A motorcycle, which has an initial linear speed of 6.6 m/s, decelerates to a speed of 2.1 m/s in 5.0 s. Each wheel has a radius of 0.65 m and is rotating in a counterclockwise (positive) direction. What are a) the constant angular acceleration (in rad/s^2) and b) the angular displacement (in rad) of each wheel?

Question

A motorcycle, which has an initial linear speed of 6.6 m/s, decelerates to a speed of 2.1 m/s in 5.0 s. Each wheel has a radius of 0.65 m and is rotating in a counterclockwise (positive) direction. What are a) the constant angular acceleration (in rad/s^2) and b) the angular displacement (in rad) of each wheel?

Answer 1

To find the constant angular acceleration and angular displacement of each wheel, we can use the following formulas:

a) Angular acceleration (α) = (final angular velocity - initial angular velocity) / time
b) Angular displacement (θ) = initial angular velocity * time + (1/2) * angular acceleration * time^2

First, let's find the initial angular velocity of each wheel:

ω = linear speed / radius

Given that the initial linear speed is 6.6 m/s and the wheel radius is 0.65 m, we can calculate the initial angular velocity:

ω = 6.6 m/s / 0.65 m

ω ≈ 10.15 rad/s

Now, let's calculate the final angular velocity of each wheel:

ωf = linear speed / radius

Given that the final linear speed is 2.1 m/s and the wheel radius is 0.65 m, we can calculate the final angular velocity:

ωf = 2.1 m/s / 0.65 m

ωf ≈ 3.23 rad/s

Using the given time interval of 5.0 seconds, we can now calculate the angular acceleration (α):

α = (ωf - ω) / t
= (3.23 rad/s - 10.15 rad/s) / 5.0s
= -1.39 rad/s²

Therefore, the constant angular acceleration (α) is approximately -1.39 rad/s².

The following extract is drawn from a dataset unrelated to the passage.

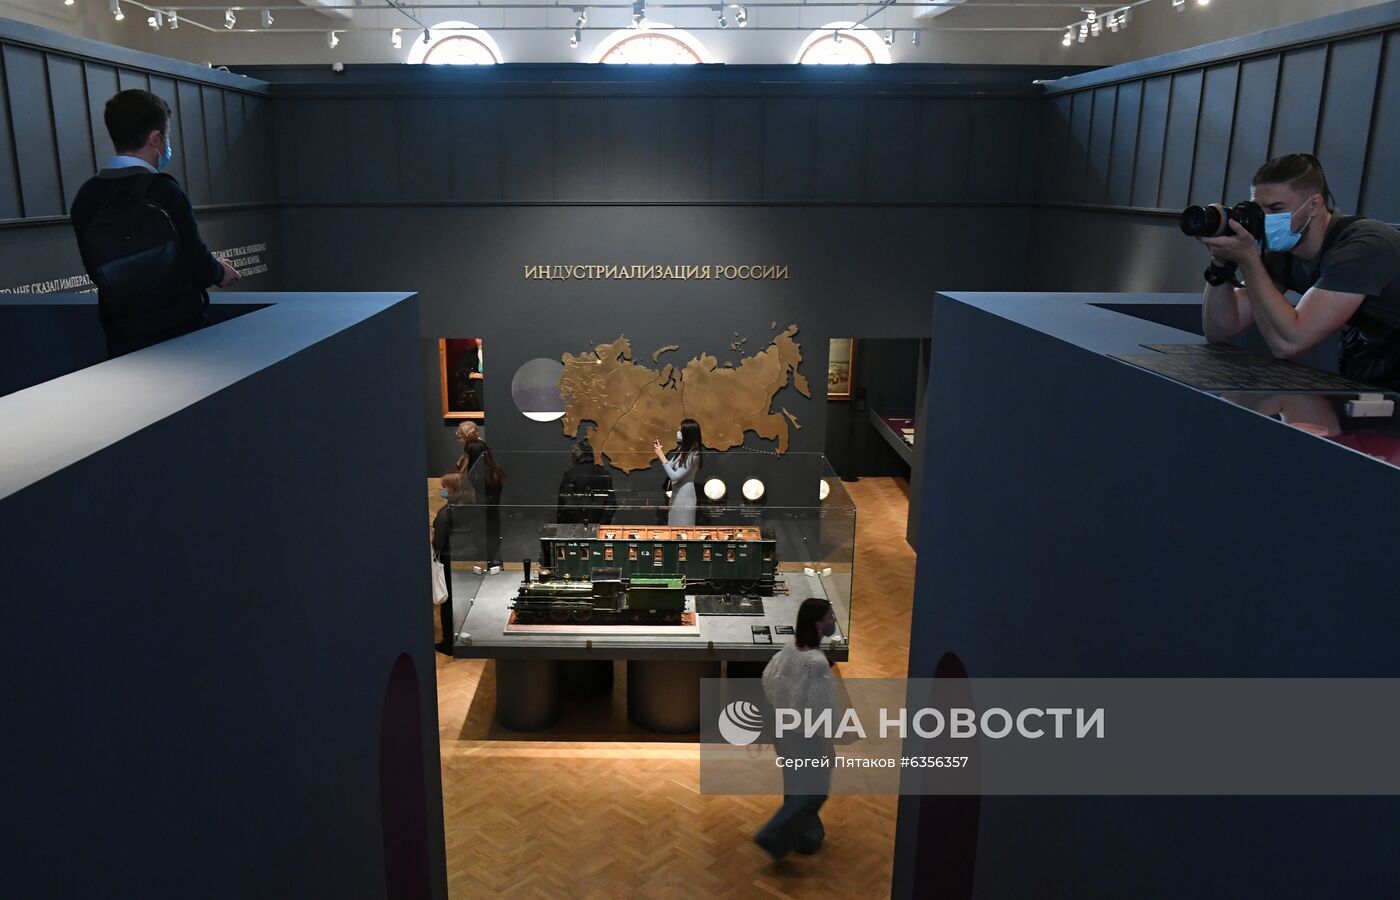 Выставка "Александр III. Миротворец" в Государственном историческом музее

Now, let's calculate the angular displacement (θ) of each wheel:

θ = ω * t + (1/2) * α * t^2

For the first wheel:
θ1 = 10.15 rad/s * 5.0s + (1/2) * (-1.39 rad/s²) * (5.0s)^2
= 50.75rad - 17.38rad
≈ 33.37 rad

For the second wheel (assuming it's rotating in the opposite direction):
θ2 = -10.15 rad/s * 5.0s + (1/2) * (-1.39 rad/s²) * (5.0s)^2
= -50.75rad - 17.38rad
≈ -68.13 rad

Therefore, the angular displacement (θ) of each wheel is approximately 33.37 rad and -68.13 rad, respectively.

Answer 2

To solve this problem, we will use the equations of linear and rotational motion.

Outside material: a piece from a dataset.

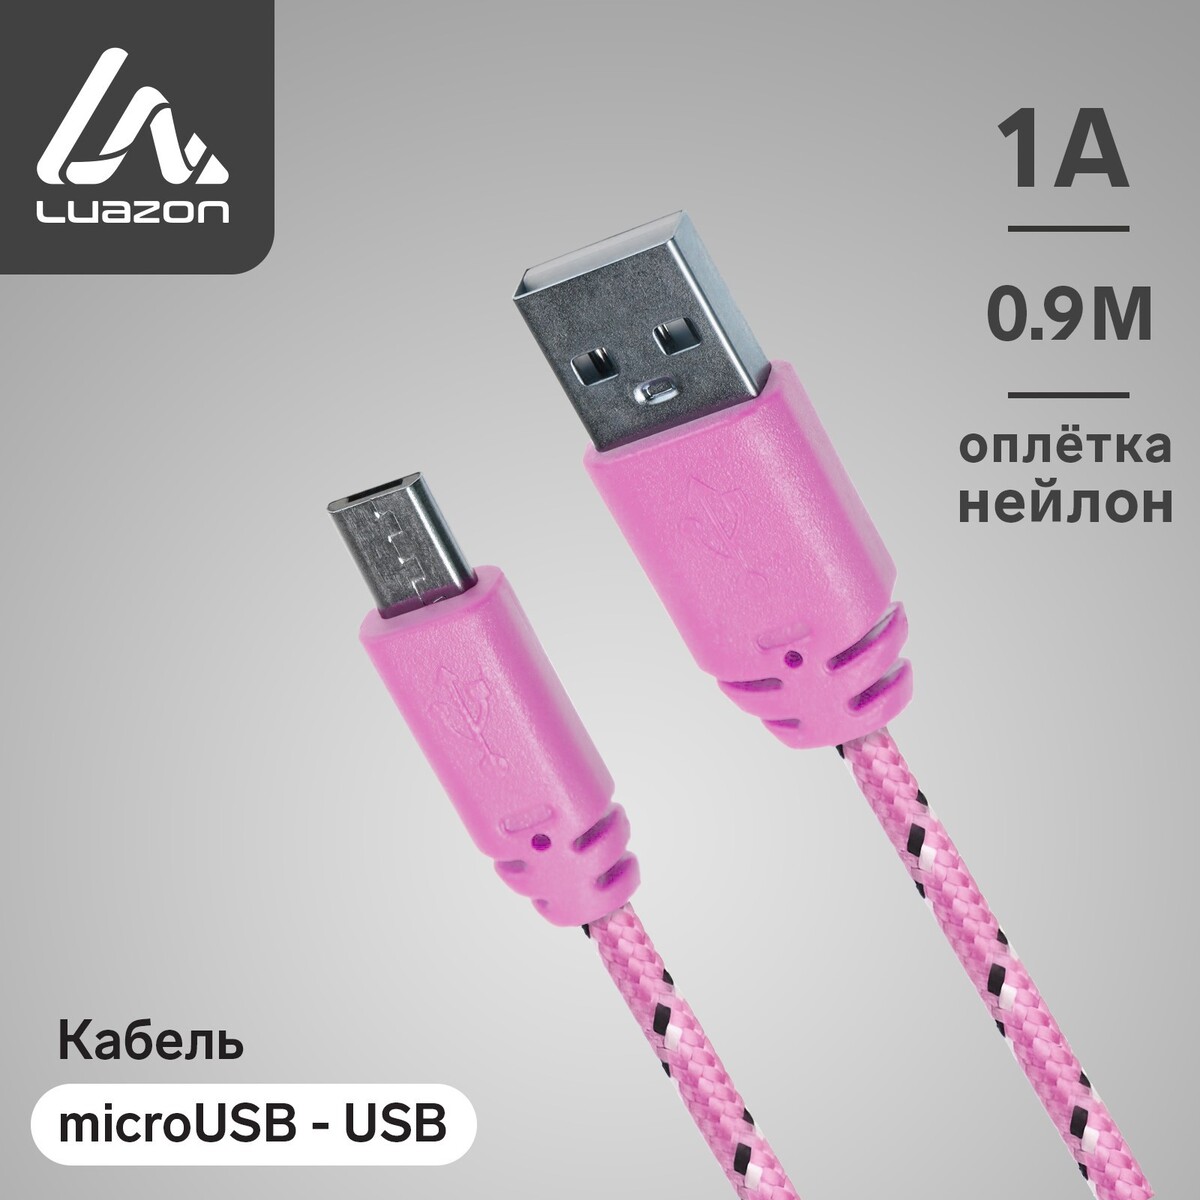 Кабель luazon, microusb - usb, 1 а, 1 м, оплетка нейлон, розовый

a) To find the constant angular acceleration (α), we need to relate the linear and angular quantities. The linear speed (v) of a point on the wheel is related to the angular speed (ω) by the equation v = rω, where r is the radius of the wheel.

Initially, the linear speed is 6.6 m/s, which corresponds to an angular speed of ω1 = v/r = 6.6 m/s / 0.65 m ≈ 10.15 rad/s.

Finally, the linear speed is 2.1 m/s, which corresponds to an angular speed of ω2 = 2.1 m/s / 0.65 m ≈ 3.23 rad/s.

The change in angular speed (Δω) can be calculated as Δω = ω2 - ω1 = 3.23 rad/s - 10.15 rad/s ≈ -6.92 rad/s.

The time taken (t) is given as 5.0 s.

The constant angular acceleration (α) can be calculated using the formula α = Δω / t.

Substituting the known values, α = -6.92 rad/s / 5.0 s ≈ -1.384 rad/s^2.

Therefore, the constant angular acceleration is approximately -1.384 rad/s^2.

b) To find the angular displacement, we can use the equation of rotational motion, θ = ω1t + (1/2)αt^2.

Substituting the known values, θ = (10.15 rad/s)(5.0 s) + (1/2)(-1.384 rad/s^2)(5.0 s)^2 ≈ 50.75 rad.

Therefore, the angular displacement of each wheel is approximately 50.75 rad.